The American Folklife Center of the Library of Congress welcomes three new Presidential appointees to the Center’s Board of Trustees: Sara C. Bronin, Chair of the Advisory Council on Historic Preservation (ACHP), Admiral Rachel Leland Levine, Assistant Secretary of Health and Human Services, and Charles Sams III, Director of the National Park Service. Each appointee will serve a term that expires June 1, 2028.

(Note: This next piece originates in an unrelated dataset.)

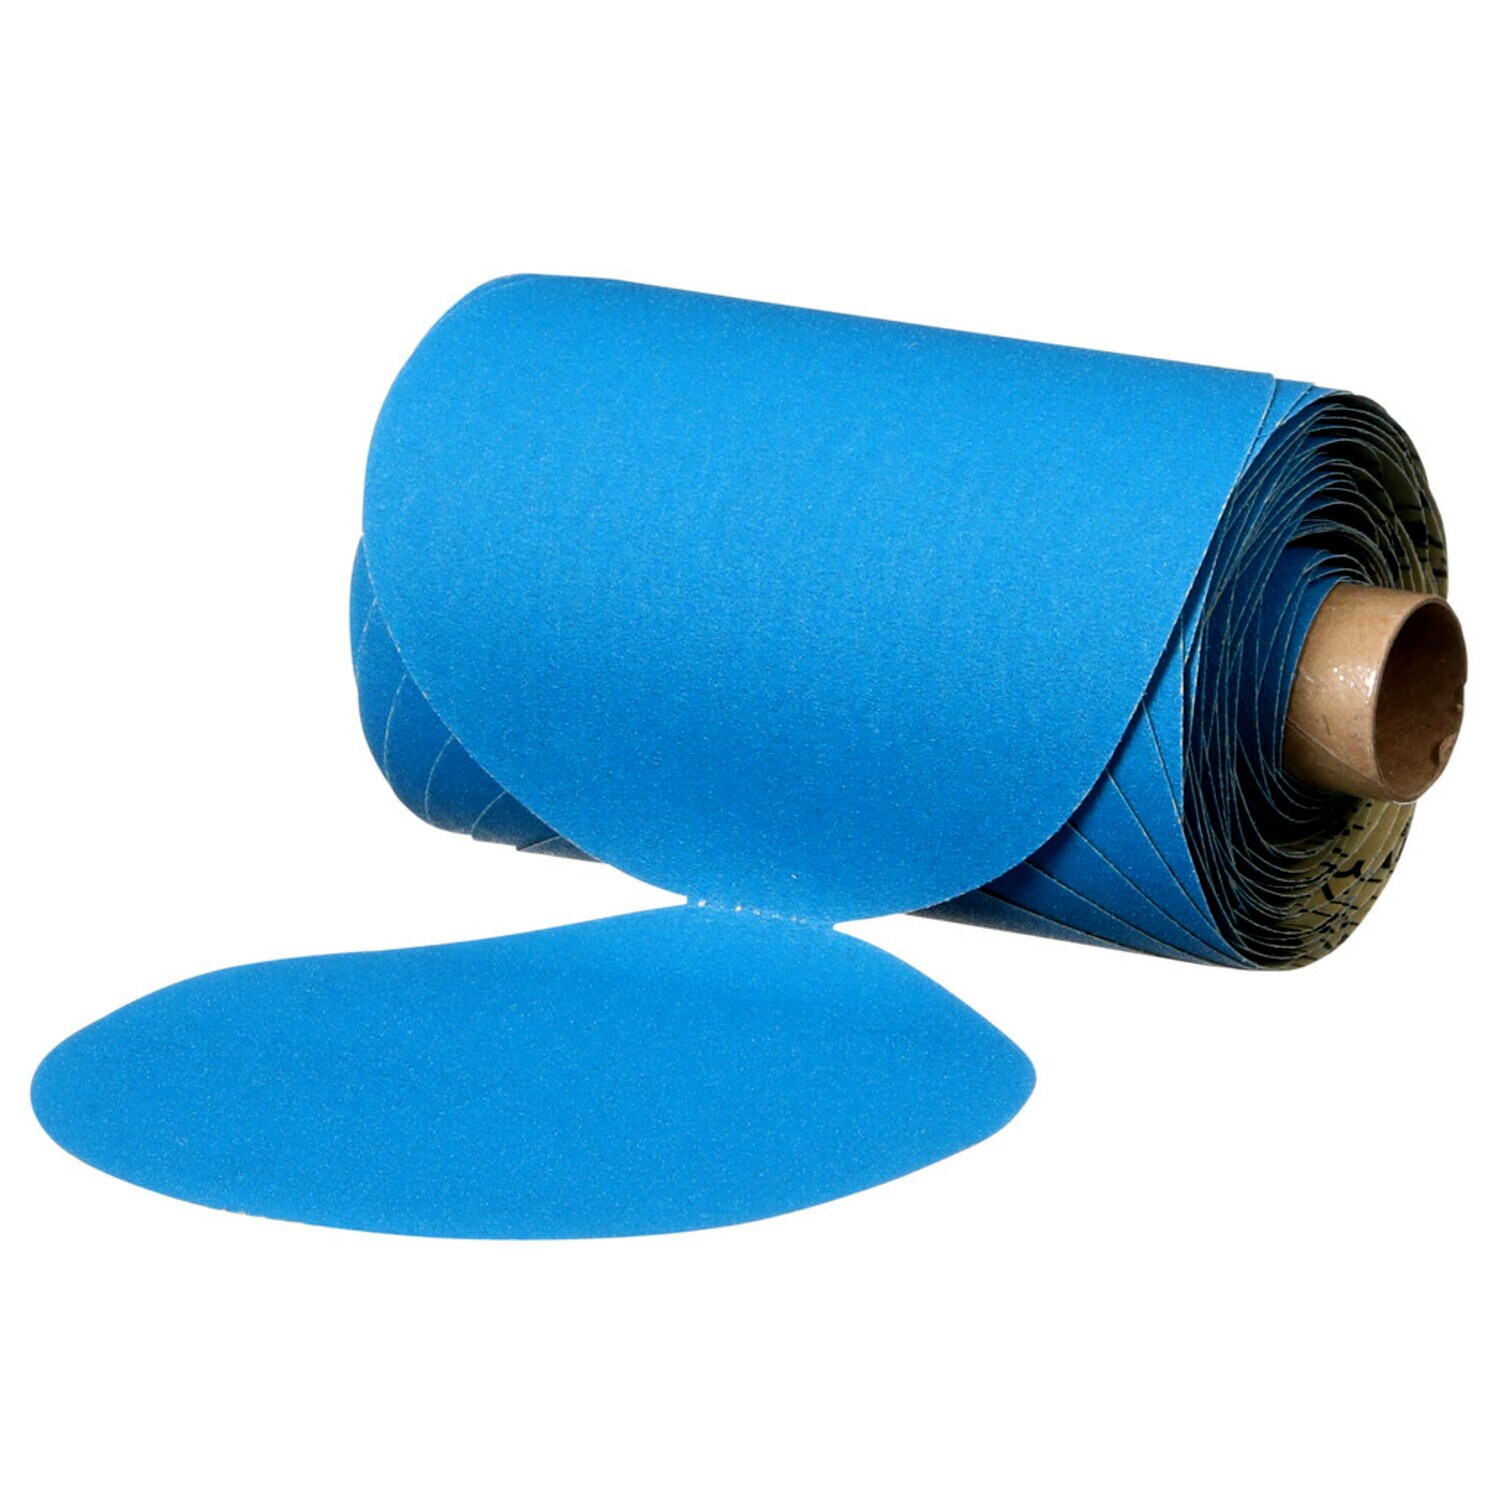 7100199703 - 3M Stikit Blue Abrasive Disc Roll, 36268, 5 in, 180 grade, No Hole, 100 discs per roll, 5 rolls per case

Prior to her confirmation to the ACHP, Sara Bronin spent her career as a professor and public servant. Her interdisciplinary research in the areas of property, land use, historic preservation, and energy has focused on how law and policy can foster more equitable, sustainable, well-designed, and connected places. She has published five books and treatises and dozens of articles, book chapters, and shorter works on these topics. She also founded the National Zoning Atlas, which aims to translate and standardize information about how zoning regulates housing in around 30,000 jurisdictions nationally. While chairing the ACHP, she is on leave from her tenured position at Cornell University, where she serves as Professor in the College of Architecture Art & Planning, Professor in the Rubacha Department of Real Estate, an Associate Faculty Member of the Law School, and a member of the Graduate Faculty in the Field of Architecture.
Admiral Rachel L. Levine serves as the 17th Assistant Secretary for Health for the U.S. Department of Health and Human Services (HHS), after being nominated by President Joe Biden and confirmed by the U.S. Senate in 2021. As Assistant Secretary for Health, she’s working to help the nation overcome the COVID-19 pandemic and build a stronger foundation for a healthier future. Admiral Levine also is the head of the U.S. Public Health Service Commissioned Corps, one of the eight uniformed services. Admiral Levine graduated from Harvard College and Tulane University School of Medicine, and subsequently completed her training in Pediatrics and Adolescent Medicine at the Mt. Sinai Medical Center in New York City. As a physician, she focused on the intersection between mental and physical health, treating children, adolescents, and young adults. Her previous service includes: Professor of Pediatrics and Psychiatry at the Penn State College of Medicine Vice-Chair for Clinical Affairs for the Department of Pediatrics, and Chief of the Division of Adolescent Medicine and Eating Disorders at the Penn State Hershey Medical Center.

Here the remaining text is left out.